Gallery Kawamatsu, Tokyo, Japan

lamp and clock by Sumio KAWAKAMI

Sumio KAWAKAMI Biography

Sumio KAWAKAMI

Kawakami is the one of the greatest artist of Japanese woodblock-print after Edo: his color-woodcut print of 1929, << Early Summer>> is said to be a masterpiece, by which Shiko MUNAKATA decided to be a print artist.

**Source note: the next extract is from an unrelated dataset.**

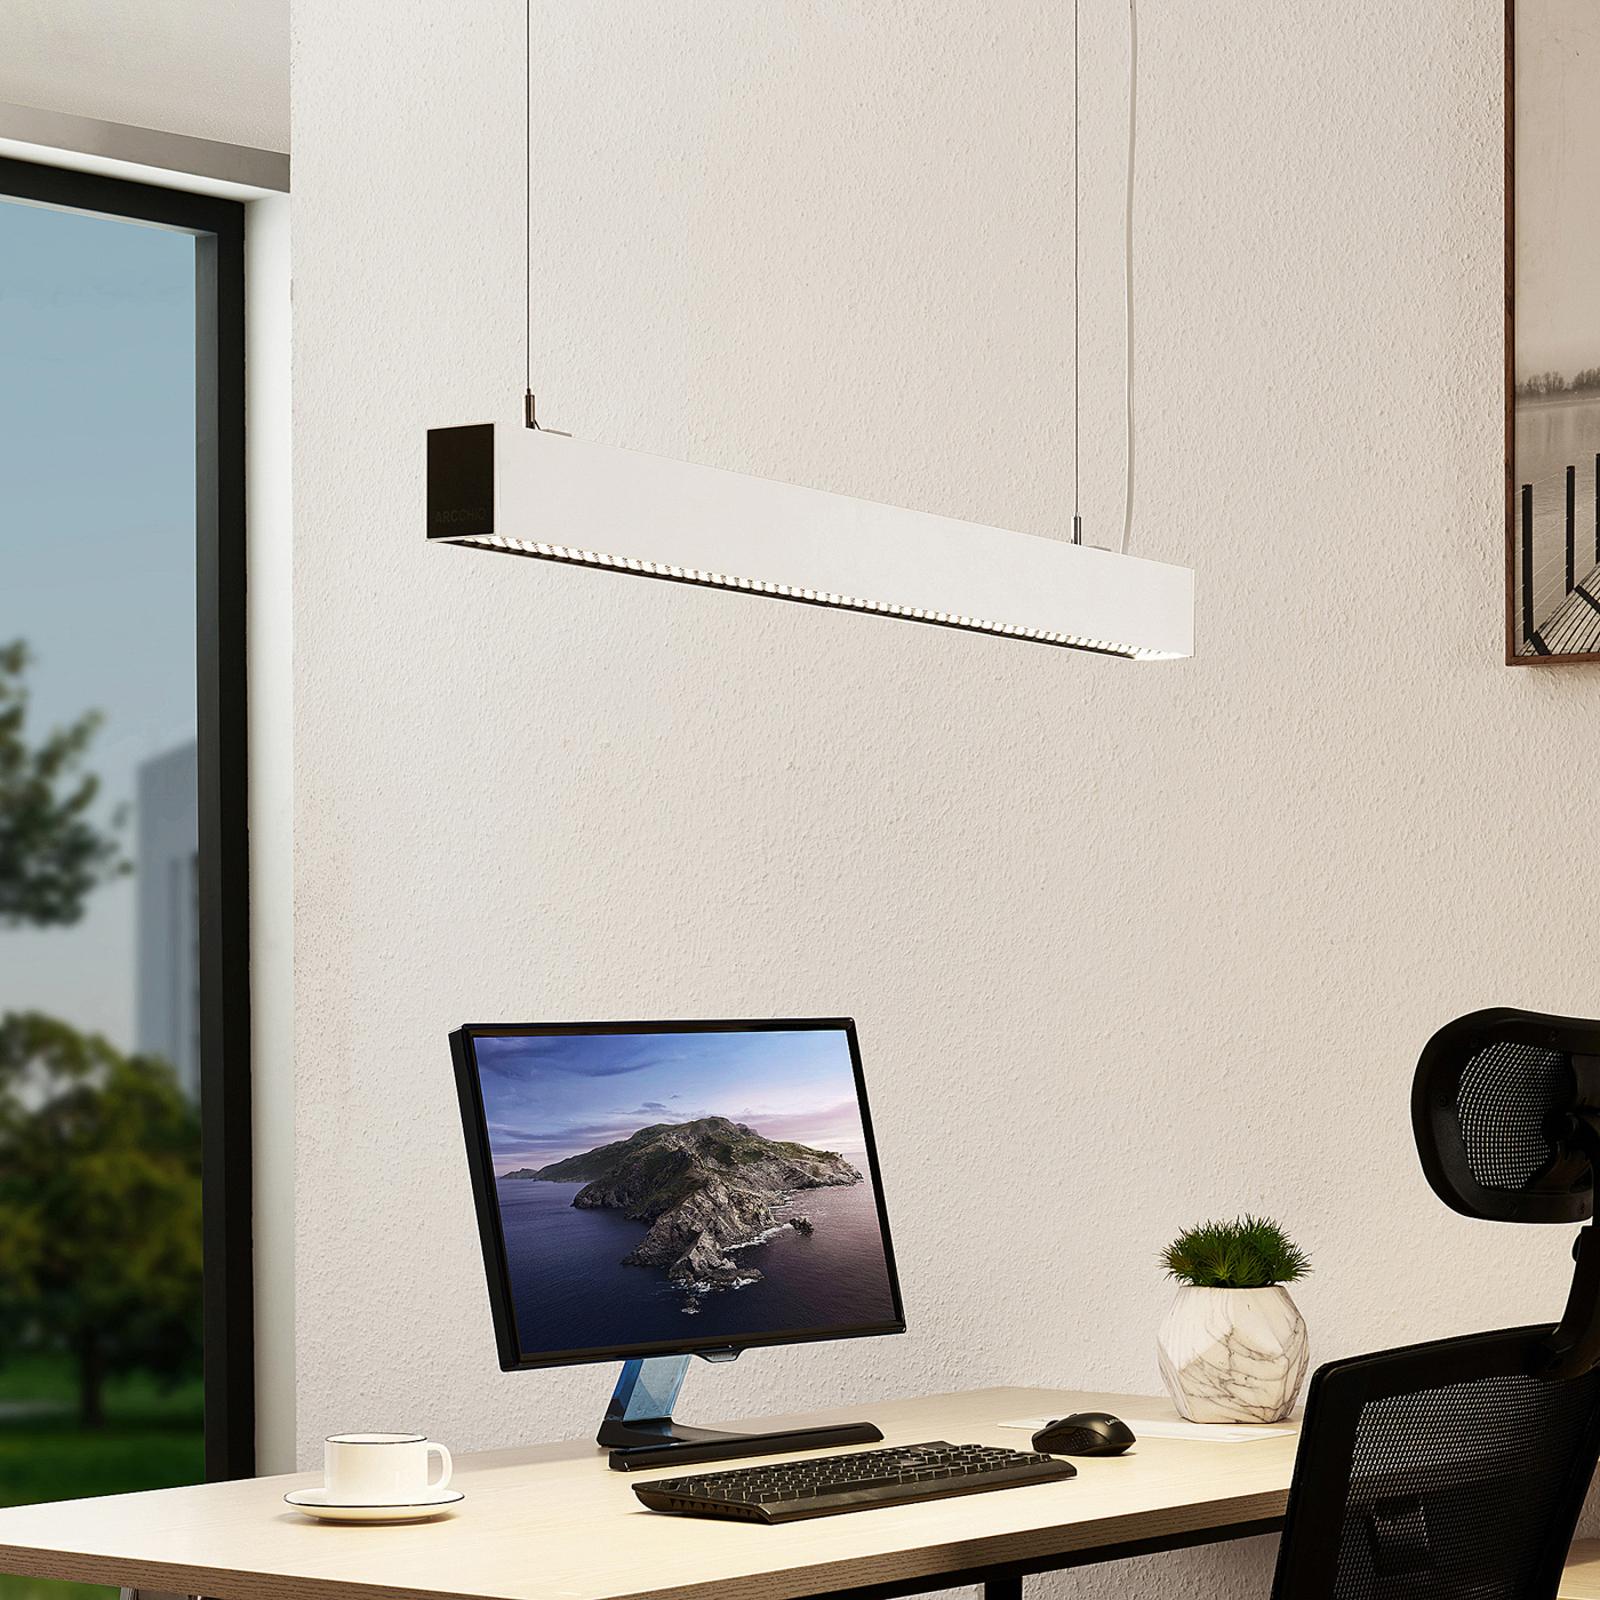 Arcchio Thores LED-Büro-Hängelampe, 113 cm weiß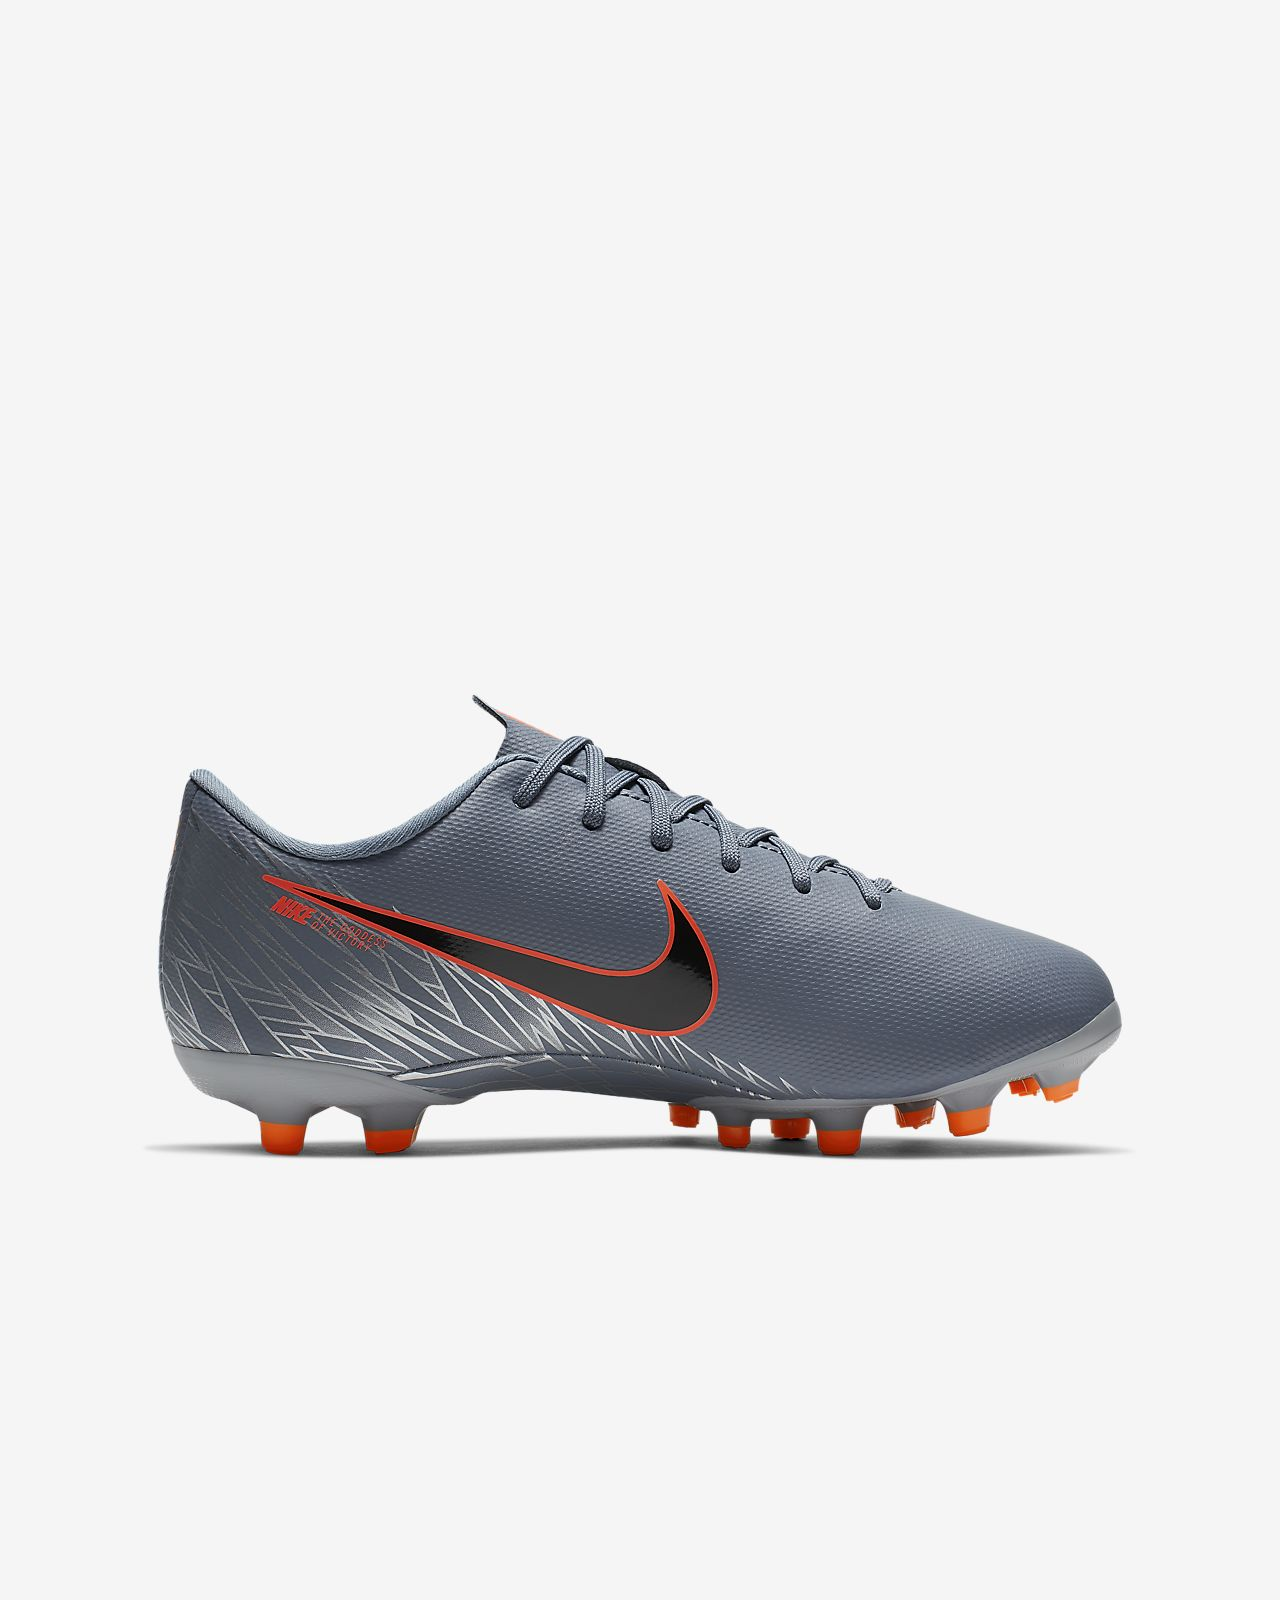 983c25fb240b ... Nike Jr. Mercurial Vapor XII Academy Younger/Older Kids' Multi-Ground  Football

He was born in 1895 in Yokohama, famous city as an enclave for foreigners after the Treaty of Kanagawa of 1854. Japan, who’d closed their ports for hundreds years, started to accept Western diplomats and merchants. It brought a new genre to woodblock-print (=Ukiyoe) ‘Yokohama-e’, prints depicting the foreigners and Western technical achievements like iron boats or locomotives. At the age of twenty-two, he went and stayed in US and Canada for two years. On his return, he became an English teacher in a public school of Tochigi. The printmaking activities of Kawakami started after his return from North America. He became a member of several print associations and exhibited with these groups regularly. The artist created single sheet prints and 33 limited edition books - mostly self-carved and self-printed. His style is sometimes ironical and humorous. Many print subjects deal with the impact of foreigners on the Japanese culture.. On the other hand, his works had developed into varied subjects along his life: ex, Ainu (aboriginal people in Hokkaido, northern part of Japan, where he evacuated during WWII) or some foreign fables like Aesop, Grimm. Though it was in 1960’s that Sumio Kawakami finally gained late recognition, in 1974 and 1975 several large retrospective exhibitions were held and in 1992, the <<Kawakami Sumio Print Museum>> opened in Tochigi, which displays solely the works of him.